[Problem requirements]
Please leave out pictures and print exactly the lines from the one that has "Beslutunderlag Kommunstyrelsens arbetsutskotts" through the last line of the material below.

[Information supplied]
··········

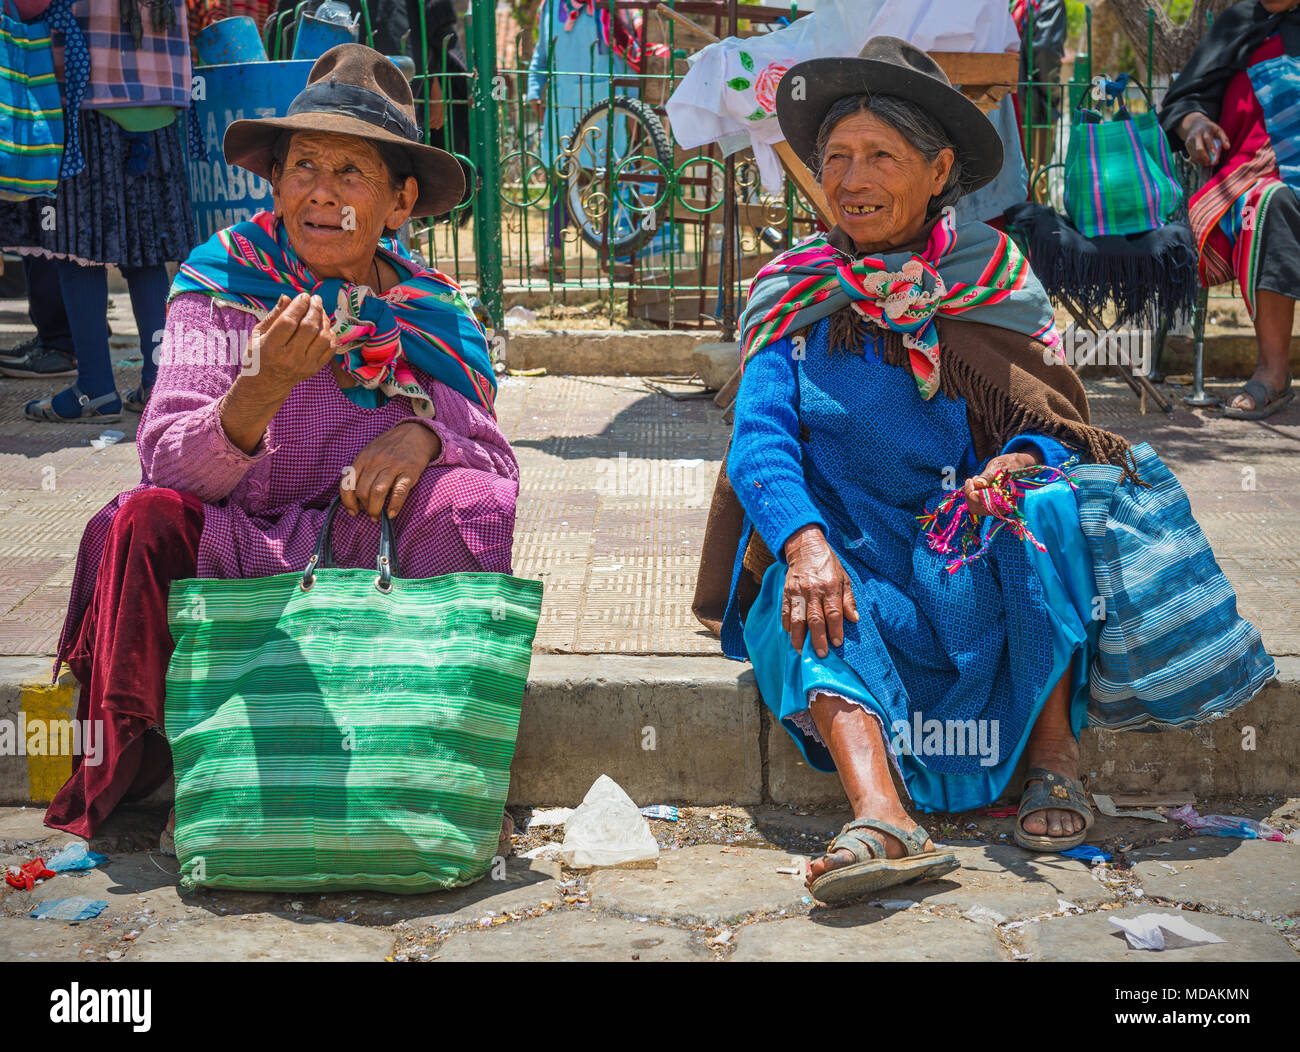 Dos mujeres indígenas de alta categoría de la minoría indígena de Tarabuco chateando y hablando, sentado en la acera, en el mercado de domingo, Tarabuco, Bolivia Foto de stock
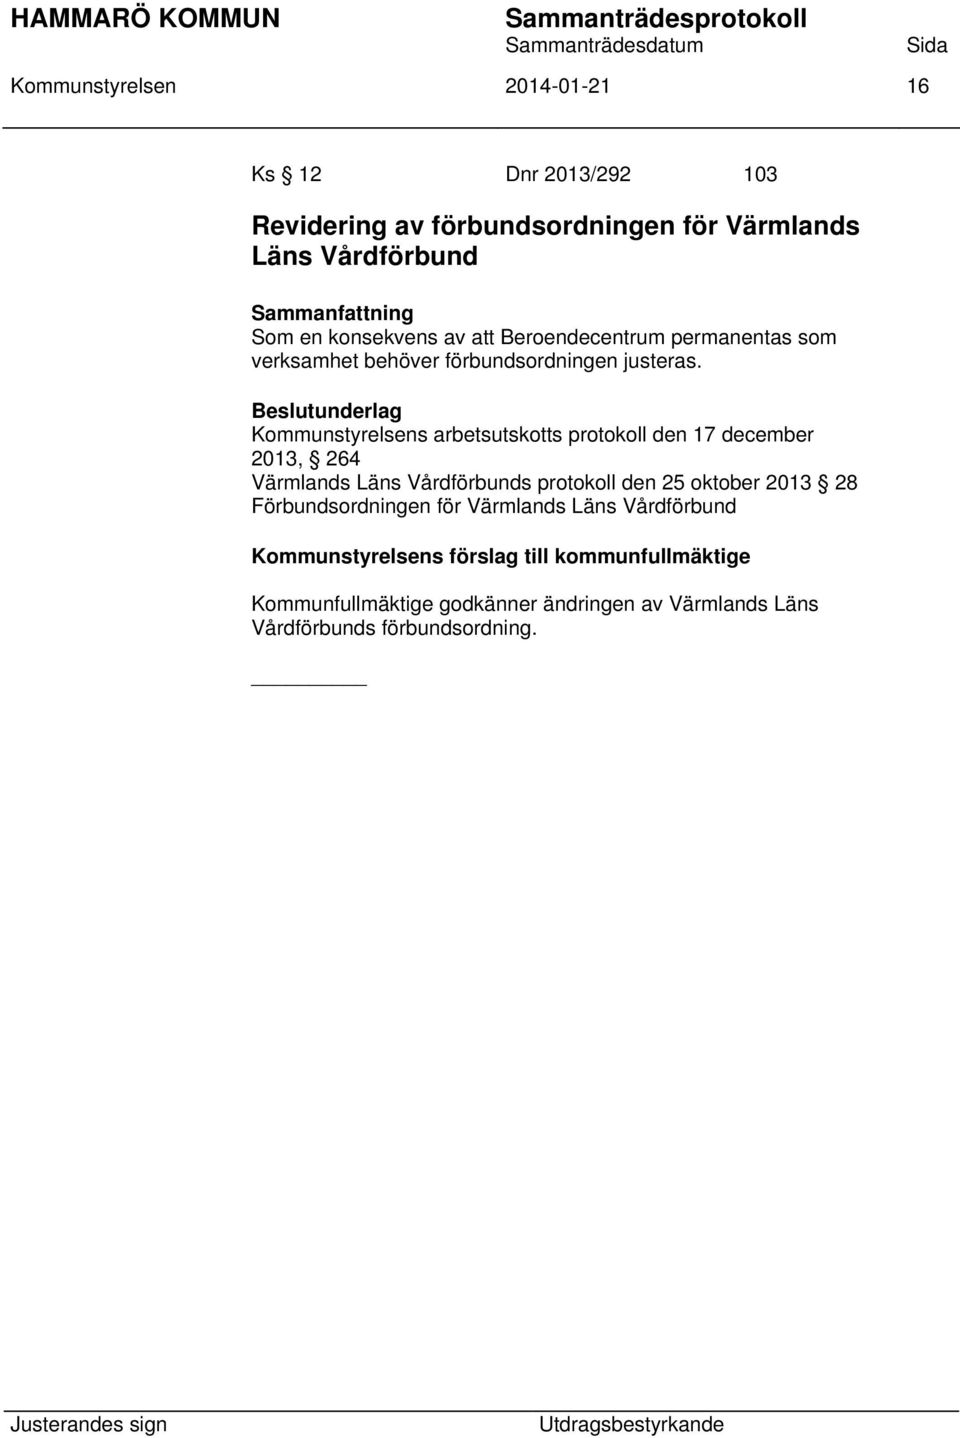 Beslutunderlag Kommunstyrelsens arbetsutskotts protokoll den 17 december 2013, 264 Värmlands Läns Vårdförbunds protokoll den 25 oktober
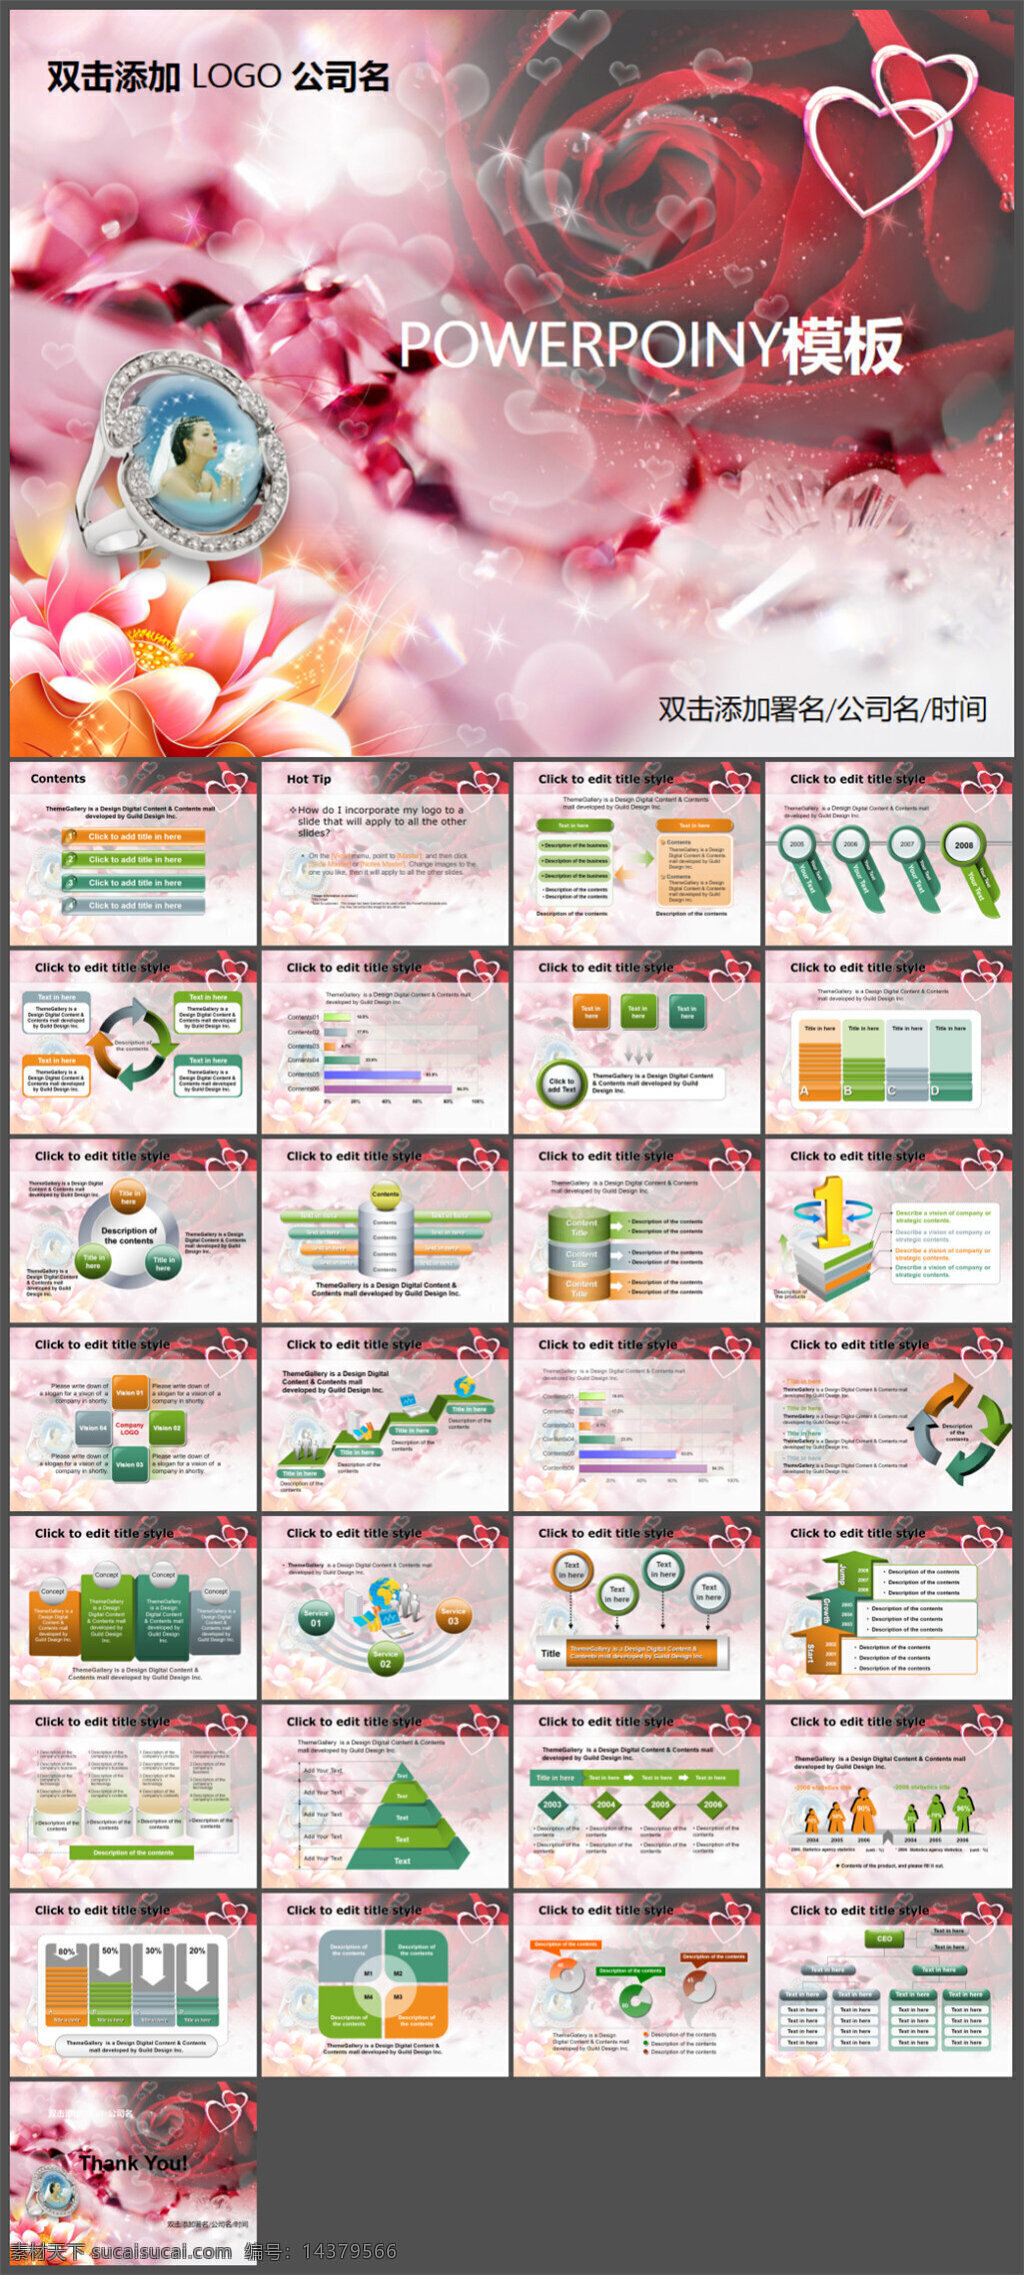 玫瑰 浪漫 婚庆 模版 模板 图表 制作 多媒体 企业 动态 pptx 白色
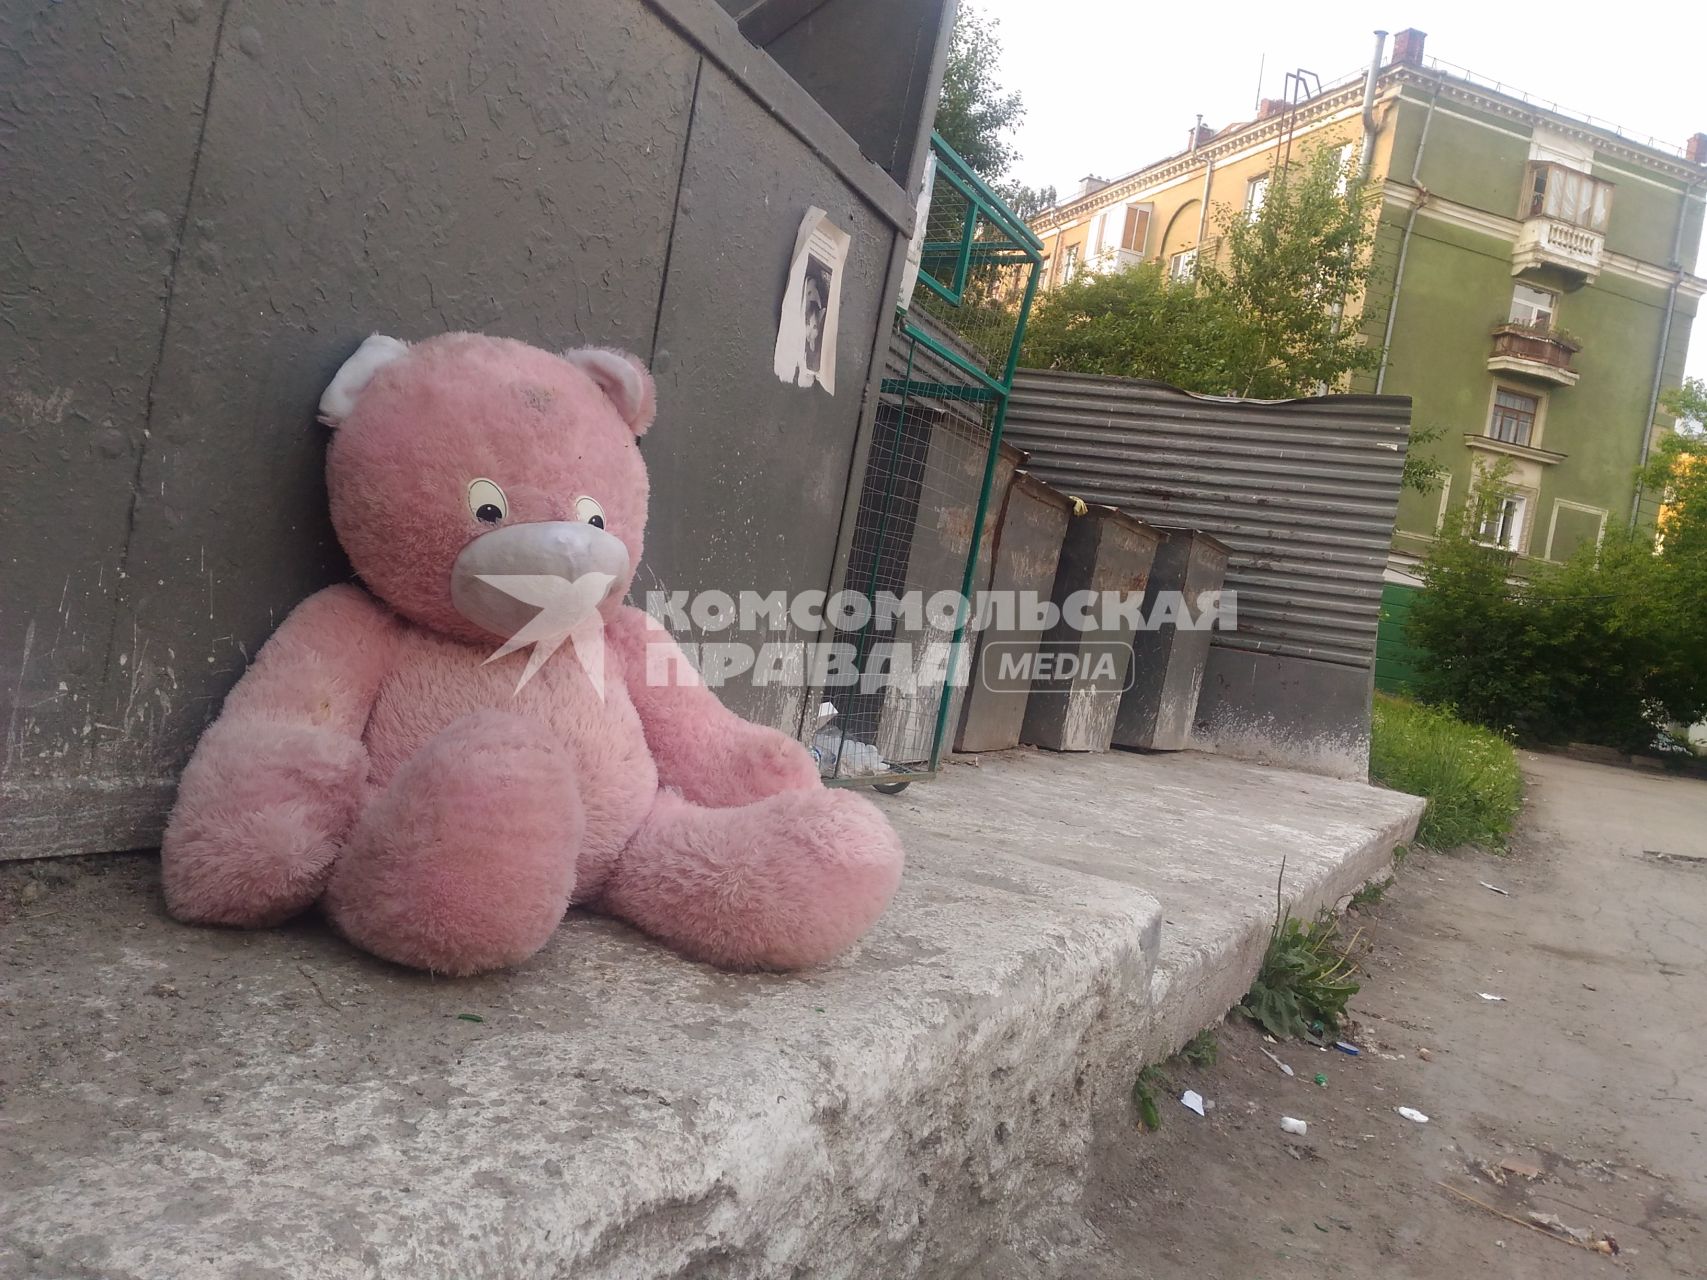 Екатеринбург. Большой розовый плюшевый медведь на помойке

··········

[Finished task]
 Beslutunderlag Kommunstyrelsens arbetsutskotts protokoll den 17 december 2013, 264 Värmlands Läns Vårdförbunds protokoll den 25 oktober
 玫瑰 浪漫 婚庆 模版 模板 图表 制作 多媒体 企业 动态 pptx 白色
 Екатеринбург. Большой розовый плюшевый медведь на помойке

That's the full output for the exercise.